Middle Klass

Now that I drive a Mercedes-Benz, I should acknowledge the reality of my comfortable middle-class status. Which would be a much funnier thing to say if I actually had a picture of my car to go with it; I'll put one up eventually, I promise. For now, let me show you my aunt's new vacation condo in the Florida Keys, which has a similar expectation:reality ratio:

a double-wide trailer on top of a ladder

But seriously: I make more money now than my parents did when I was little, even adjusting for inflation. And if I weren't planning to quit my job, blow a big chunk of savings on a laptop and a trip to Europe, and retire to a life of quasi-poverty as a graduate student in the fall, I could have easily bought a genuinely nice car, the kind where you have a warranty that lasts for more than a month and you worry about getting little dents and shit.

Whoa.



So when I'm meeting people in my official capacity as a prospective grad student, and they find out where I'm from, their first response is generally to confuse the University of Iowa with Iowa State. And gaaah! Why don't people on the coasts understand the intricacies of college rivalry in the flyover states?! - but at least no one has asked me about Idaho. More saliently, their second response is to ask if my parents are professors. This is considerably different from conversations outside academia; when normal people find out that I'm from a college town in Iowa, they ask if I grew up on a farm.*

It's not that anyone responds rudely or dismissively when I tell them I'm from a largely blue and pink collar background. They just say "oh" in that oh, my assumption was wrong, I feel kinda silly way, and I feel like I've killed a planned or habitual line of inquiry.

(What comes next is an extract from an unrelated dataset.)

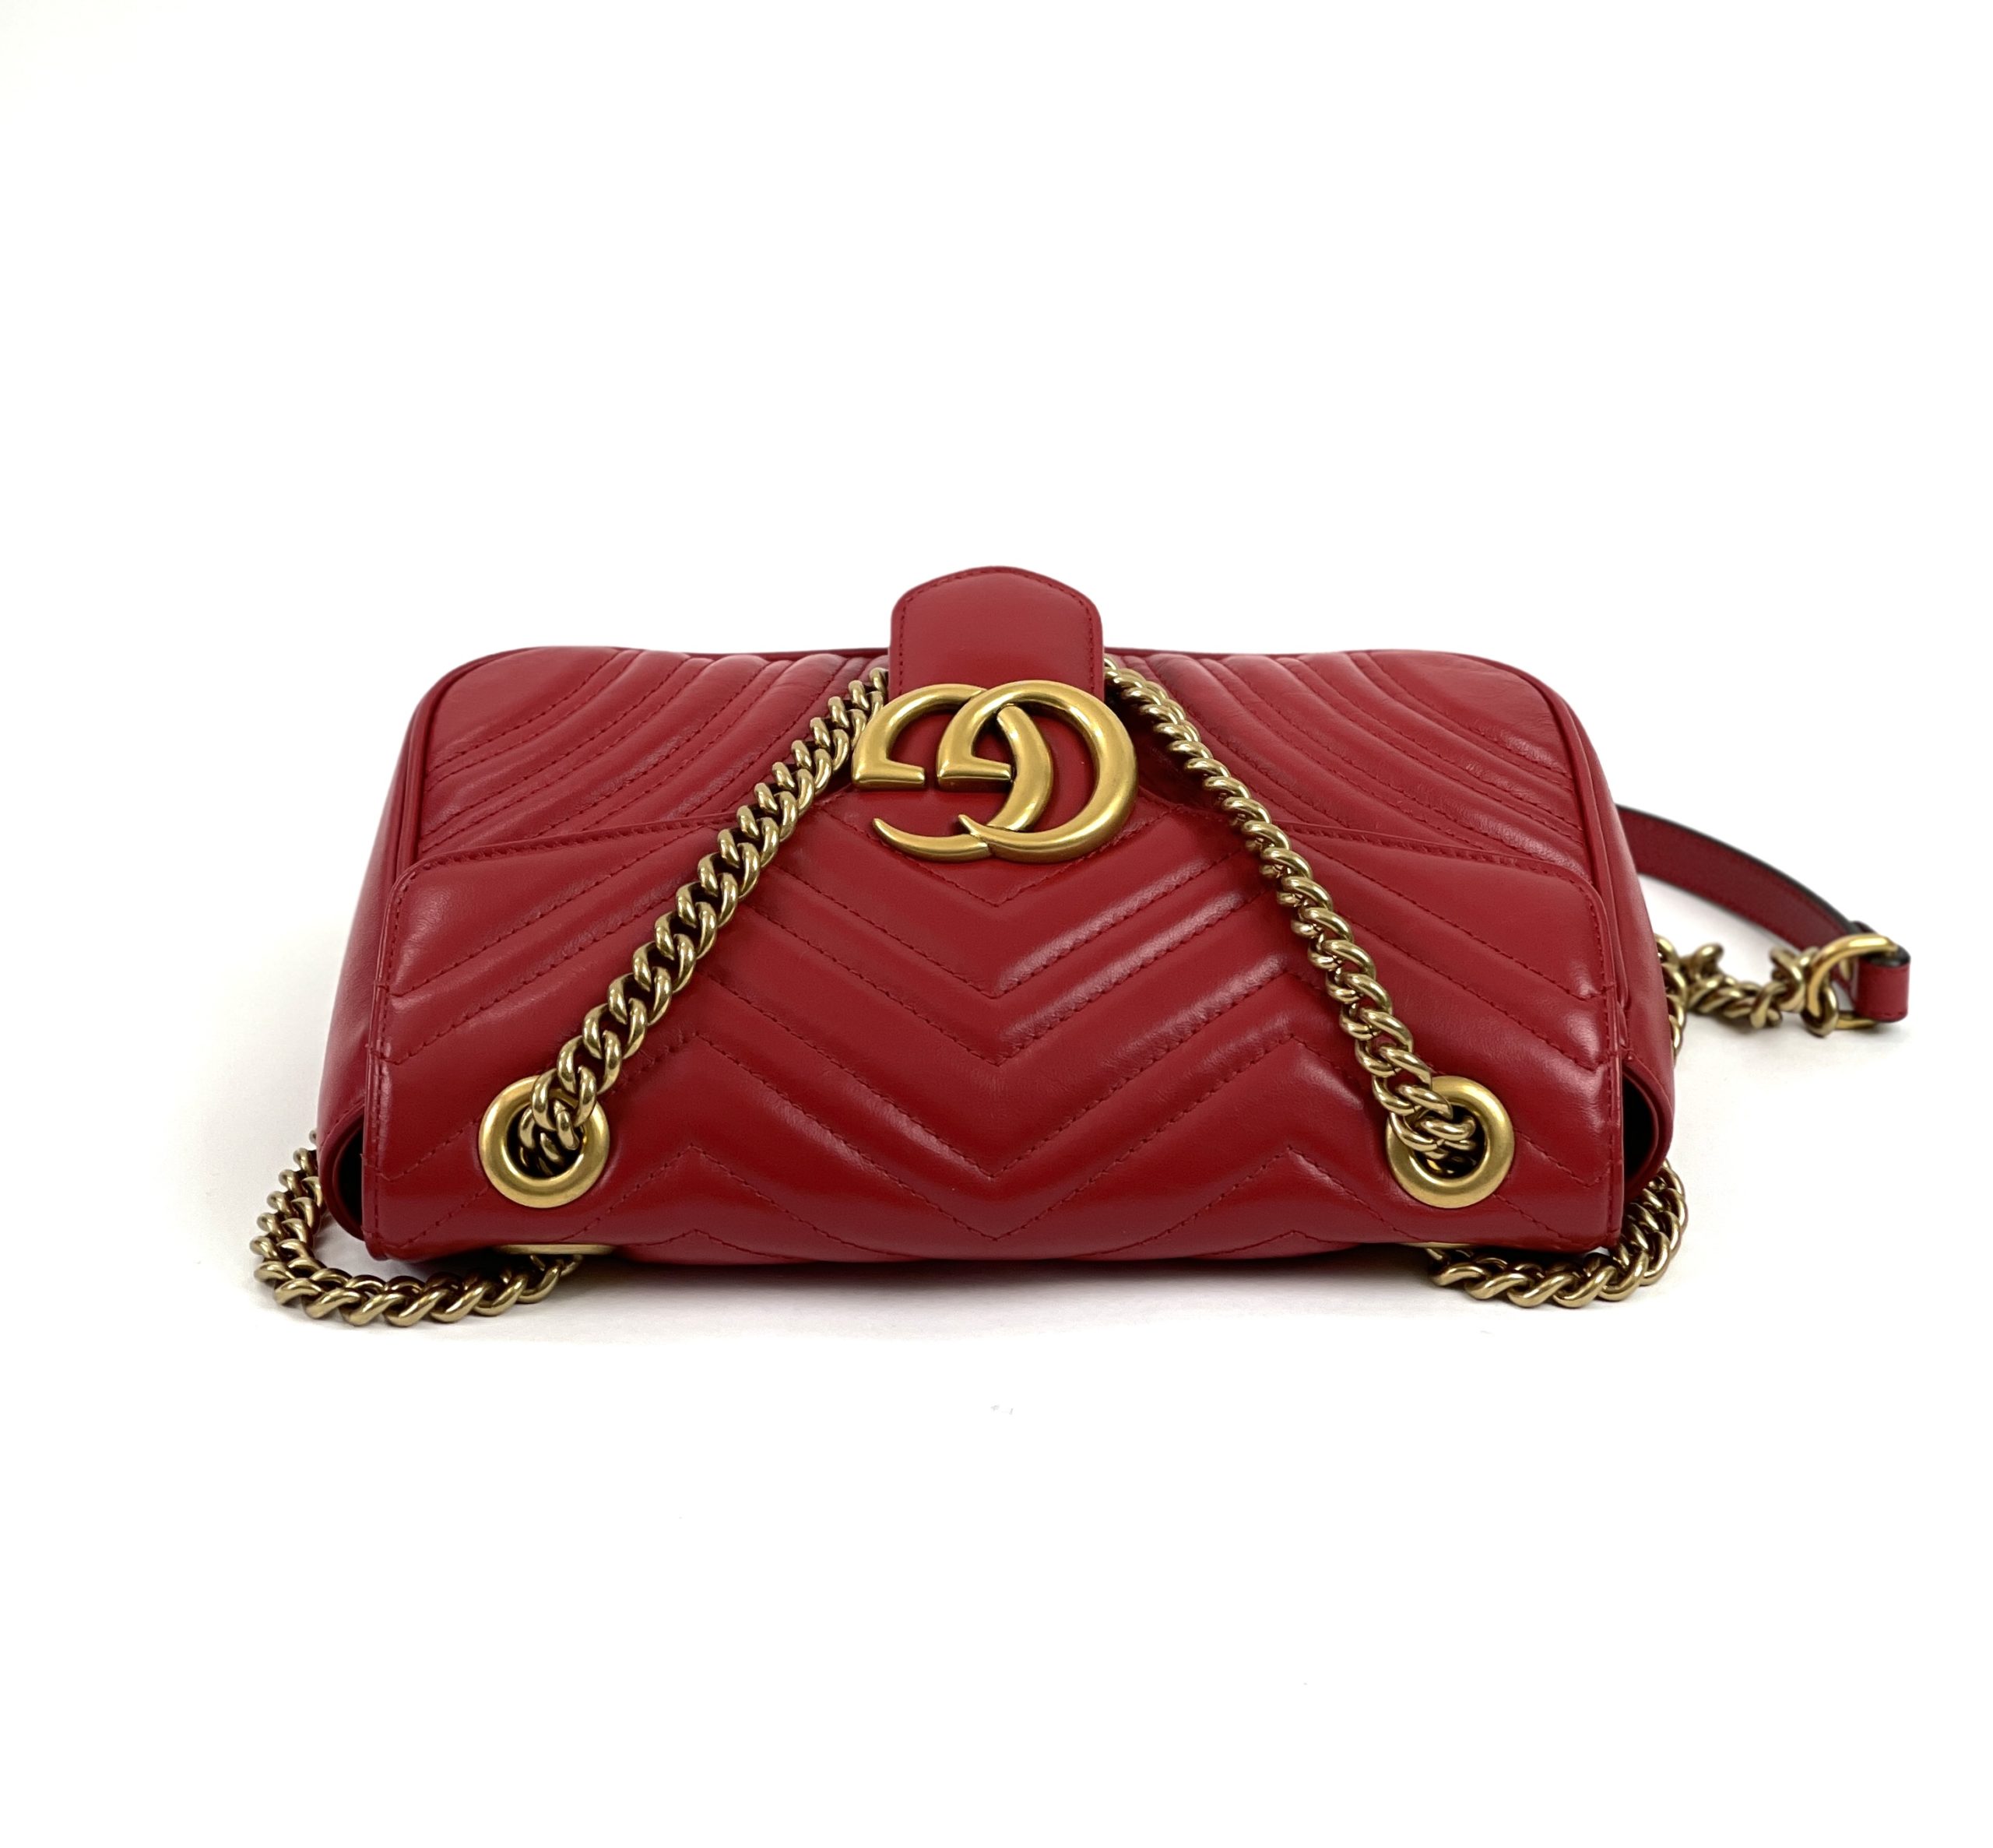 GUCCI GG Marmont Small Shoulder Bag Red

And now a response to the discussion chez Wolfangel centered on this quote from Emma, because it's vaguely related:
I do not entirely trust someone who's never held a shit job that he or she needed to keep in order to make the rent or buy food. A summer job making photocopies in the law offices of daddy's best friend does not count. Waiting tables three nights a week and weekends so you can pay the rent and eat while you do an unpaid internship does. I can eventually overcome my mistrust, sometimes, but, to me, if you've never had a shit job ever in your life, then you've experienced a fair amount of privilege, and chances are pretty good that you're unaware of that privilege. You've never had the joy of someone treating you like shit, simply because of the work that you're doing, and knowing that you can't really object too much because you need that job. The feeling that goes along with that is neither hopeful nor positive.

The prevailing sentiment chez Wolfangel seems to be indignation along the lines of "but many privileged people are nice to waitstaff!" and it's neither polite nor helpful to make assumptions, don't write the middle class off so quickly. Honestly, it reminds me of nothing so much as a bunch of men complaining about feminism: I'm a good person! I recognize my male privilege and treat women with respect! I am sad that women don't return my affection and trust right away, and this sadness has alienated me from feminism. Feminists should drop everything to cater to my hurt feelings, because my alligience is more important than their anger.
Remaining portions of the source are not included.